Brazilian President Dilma Rousseff signed last week three contracts to manage three major federal highways through concession contracts. 

One of the contracts signed by the President was a 30-year concession to upgrade and operate a stretch of a highway linking the capital Brasilia to the port of Rio de Janeiro, the BR-040.

Brazilian toll road operator Invepar won the tender process in December 2013. The highway auctioned is a 937-kilometer stretch of Brazil's BR-040 highway between Brasilia and Juiz de Fora on the border of Minas Gerais and Rio de Janeiro states.

Invepar is expected to invest R$4.45 billion (around US$2 billion) in BR-040 over the first five years of the concession. Invepar will duplicate 557 Km of road during the first five years.

The second contract involves the maintenance, operation, implementation of improvements and expansion of capacity of the 847-Km BR-163/MS highway in the center-west state of Mato Grosso do Sul,  one of the nation's centers of agricultural production, and was awarded to Brazilian group CCR, which is expected to invest about R$3.4 billion (US$1.46 billion) in the next five years to carry out the construction of additional lanes of traffic.

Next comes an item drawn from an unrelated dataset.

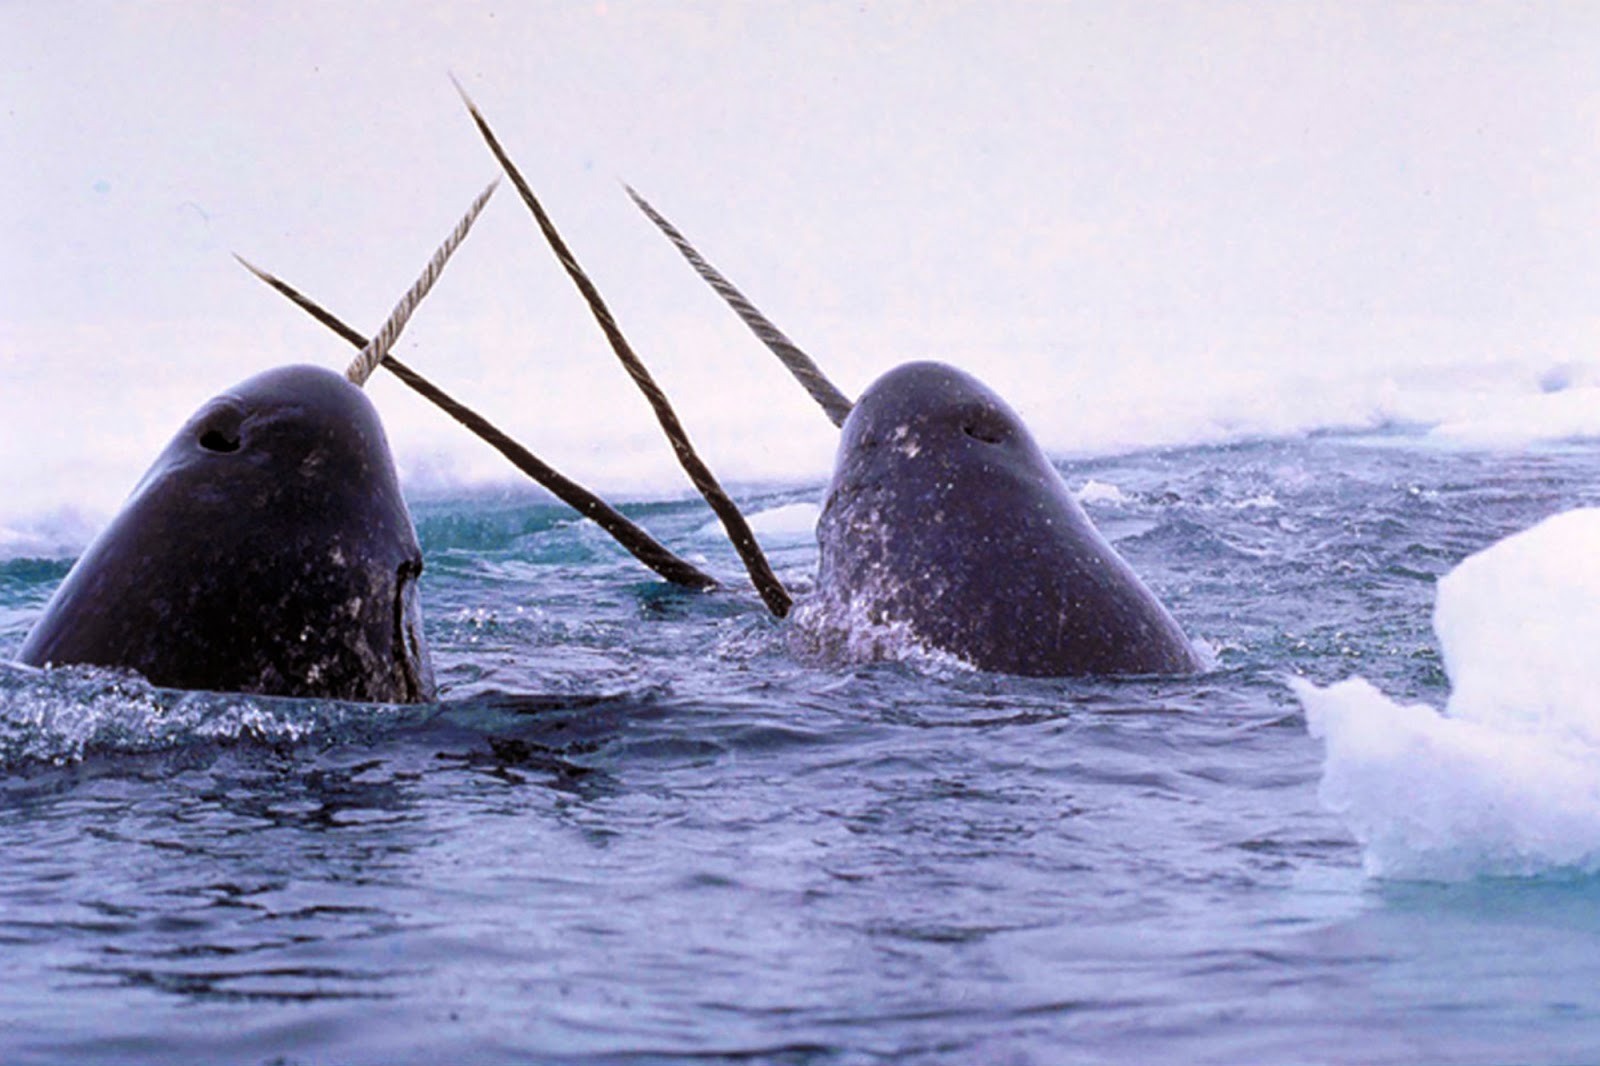 Narwhal Tusks Record Changes in the Marine Arctic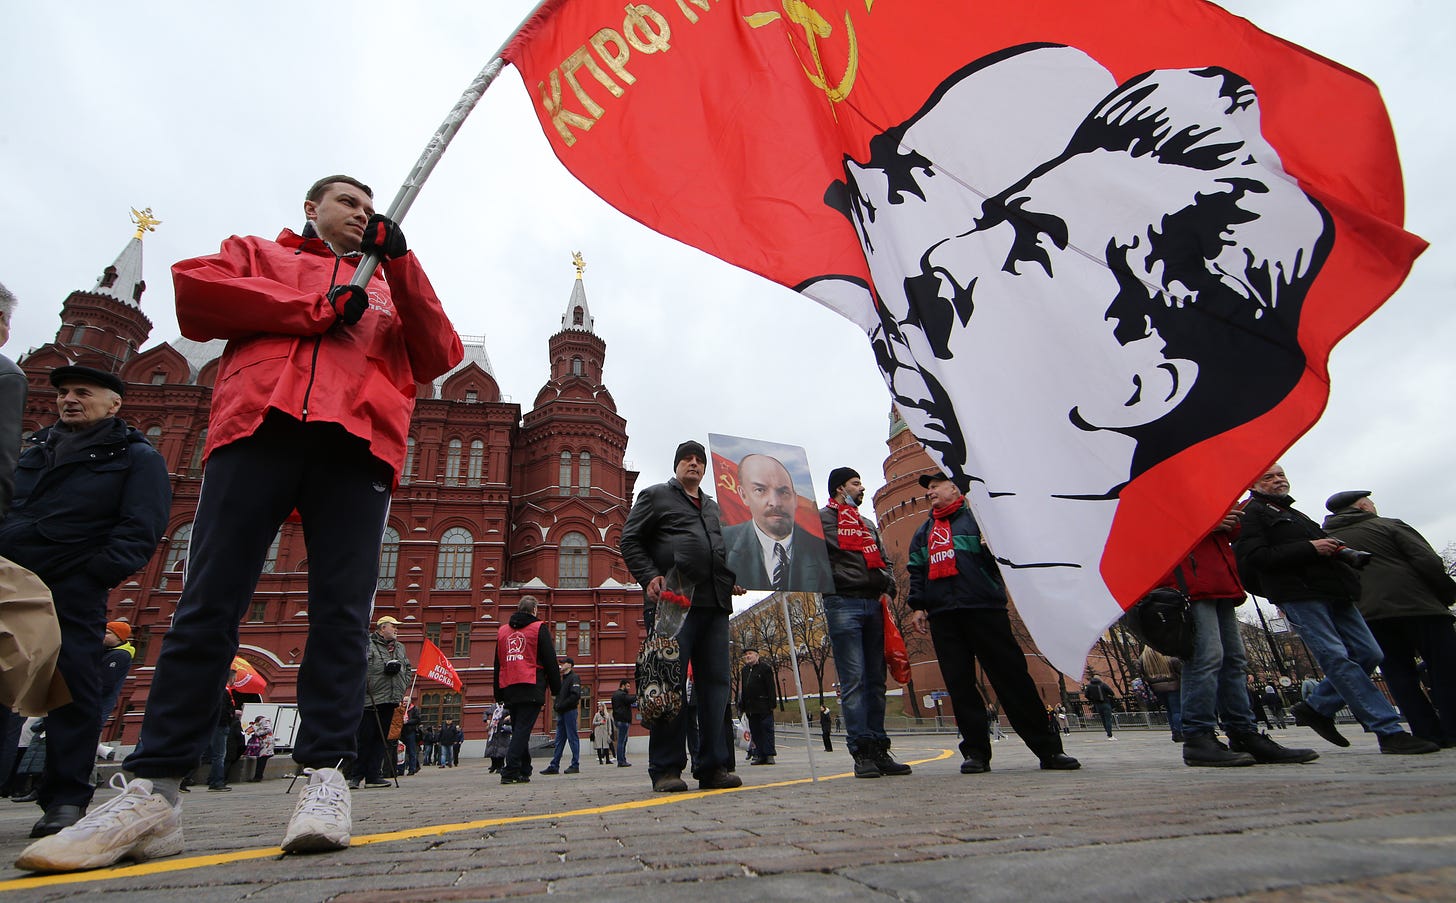 A supporter of Russian Communist Party holds a flag with portrait of Soviet Union leaders Vladimir Lenin and Joseph Stalin on April 22, 2022 in Moscow, Russia. Hundreds communists took part in the rally at Moscow's Red Square near the Kremlin marking the birthday of revolutionary, political theorist and founding head of government of Soviet Russia Vladimir Lenin. (Photo by Konstantin Zavrazhin/Getty Images)

The third contract signed by the President, the BR-163/MT road concession, was awarded to Odebrecht. The project, with an investment during the first five years of R$2.38 billion (US$1.13 billion), involves a 851km segment of BR-163 in the state of Mato Grosso. It will have nine toll booths and entail widening 454km of the highway, also before the fifth year of the concession. The road stretch will have nine toll plazas.

These two last contracts were warded in November 2013.

The highway concessions were awarded last year as part of the government's Logistics Investment Program, through which some 7,500 kilometers (4,660 miles) of federal highways are to be placed under private management.